Закончив строительство Архангельского фельдшанца, Суворов повел армию дальше, а за спиной солдат тотчас поднялось огромное облако дыма, прорезаемое языками пламени. Это казаки, идущие в арьергарде, начинали выжигать камыши, прикрывающие подступы к укреплению. Закубанские жители видели, как день за днем продвигается вверх по Кубани полоса огня и дыма, и определяли по ней скорость маршей работных армий и места, где построены новые укрепления.
Суворов бдительно следил за происками турецкой агентуры, как среди ногайцев правобережья, которые считались союзниками России, так и среди народов, заселяющих Закубанье. В дипломатических беседах, подкрепляемых различными подарками, Суворов добился согласия султанов союзных орд, чтобы при каждой из них постоянно был офицер — пристав с небольшой охраной для спокойствия той и другой стороны.
Суворов с сожалением отметил, что мирные договоры, которые он заключал в переговорах, часто нарушались. И приходилось браться за оружие. 6 марта из лагеря у строящегося Гавриловскою фельдшанца Суворов послал Румянцеву депешу, что закубанские абреки при нападении на русские посты и строительные армии «всегда были разгоняемы, ныне поутихли... внушениями наказания, мира и спокойствия обещают жить спокойно, с российскими согластно». А спустя неделю сообщил уже из строящегося фельдшанца Михайловского, что «заречные жители живут тихо, и дальних предприимчавостей (набегов. — В. С.) от их не предусматривается».
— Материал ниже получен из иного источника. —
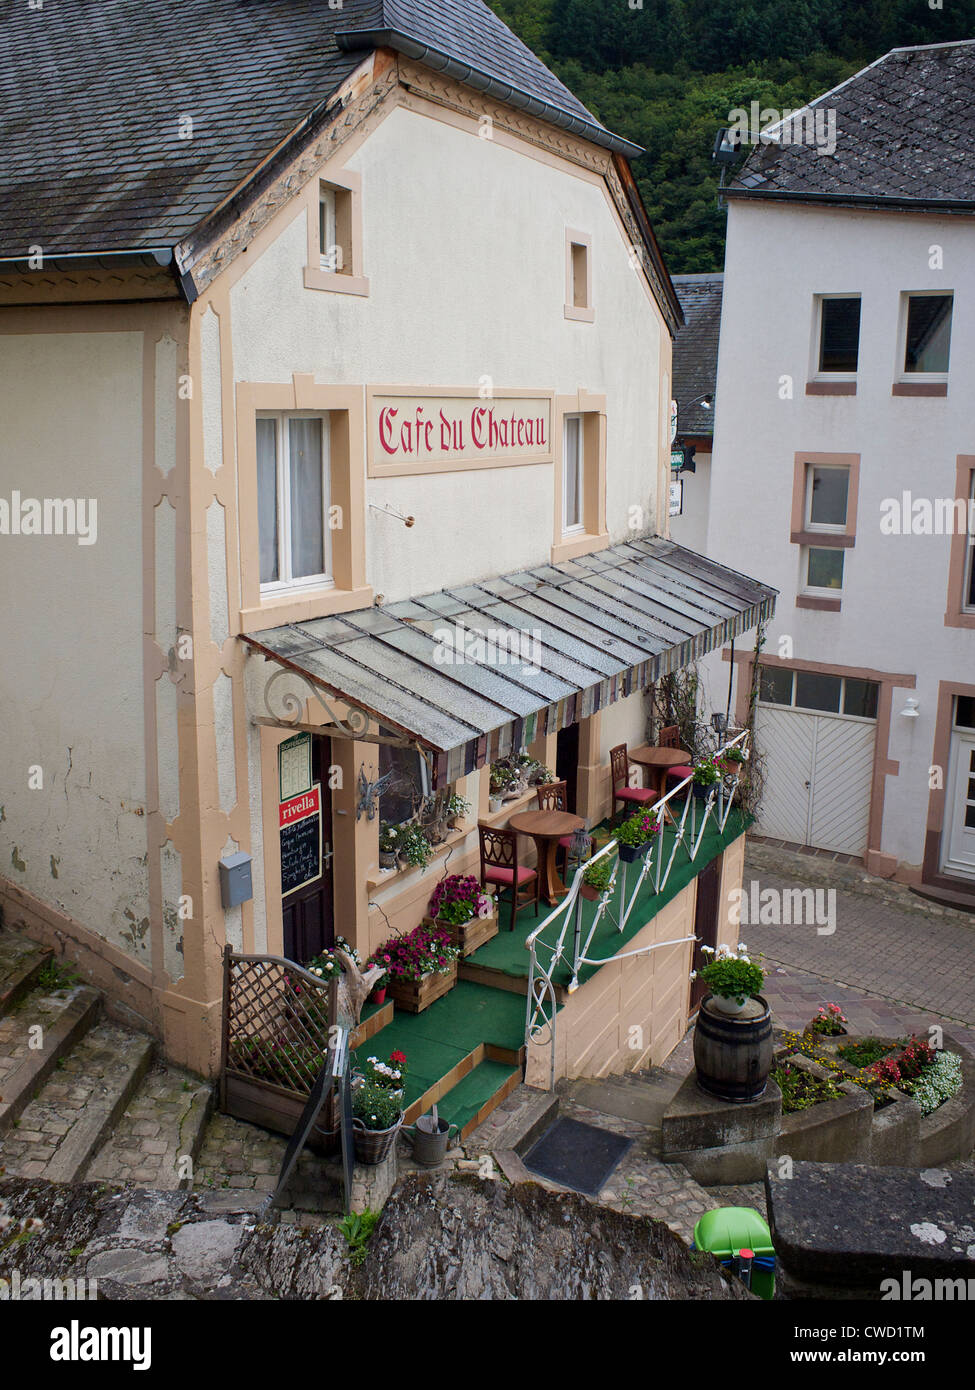 Ruhiges Dorf Café in Esch Sur sicher Luxemburg Stockfoto

Используя установившееся затишье, Суворов торопится закончить строительство укреплений левого крыла. Из Турции поступали тревожные вести о том, что султан готовится к войне с Россией. И обстановка в ногайских ордах, даже в союзных, по докладам корпусных приставов, оставалась довольно сложной.
Непрочность южных границ тревожила. Но Суворов успокаивал Румянцева, что строительство укреплений идет успешно. «Около половины сего месяца, уповаю, протянутца полевыми укреплениями от Лабы к Темиш-бергу (Темишбек. — В. С), ежели бог пособит. Мешает нечто ныне и погода». А погода на Кубани в начале марта известно какая: то дождь, то снег и море грязи кругом. Насыпаемые валы тут же оплывали, тяжелая, как свинец, земля прилипала к лопатам.
Вместе с тем Суворов просит направить на Кубань два пехотных полка и батальон егерей, ибо открывается надежда, что «от Темишберга, как бы еще пространство не оказалось, укрепления к возможной линии довали и тем оную весьма сократить...». Из-за отсутствия нужного количества войск он вынужден был цепь укреплений отвести от Кубани в урочище Темишбек и далее к Ставропольской крепости вдоль старинной дороги. Однако величайшая энергия Суворова и самоотверженная работа солдат превзошли ранее составленные планы. Суворов решил продолжать строительство укреплений вверх по Кубани до устья реки Ояруп и оттуда уже отвести цепь укреплений к Азово-Моздокской линии. Одновременно планирует с прибытием новых войск начать строительство коммуникационных редутов от Павловской крепости к Ейскому городку. Строительство коммуникационной линии думает закончить к середине мая, если что-либо не помешает.
Прошло каких-то двадцать дней, и солдаты в тяжелейших, условиях построили три фельдшанца и две довольно сильные крепости, в одной из которых тут же разместилась штаб-квартира начальника дирекции. Закончив Архангельский фельдшанец, Суворов выступил вверх по Кубани и через двадцать шесть верст обнаружил у высокого берега обрывистый мыс, на котором возвышались валы большого разрушенного городища, протянувшегося на триста саженей. Поднявшись на городище через воротный проем, Суворов осмотрел цитадель, которая в виде высокого холма овальной формы примыкала к пойме. Здесь Суворов заложил фельдшанец Гавриловский для прикрытия брода через Кубань, куда от городища вела древняя дорога.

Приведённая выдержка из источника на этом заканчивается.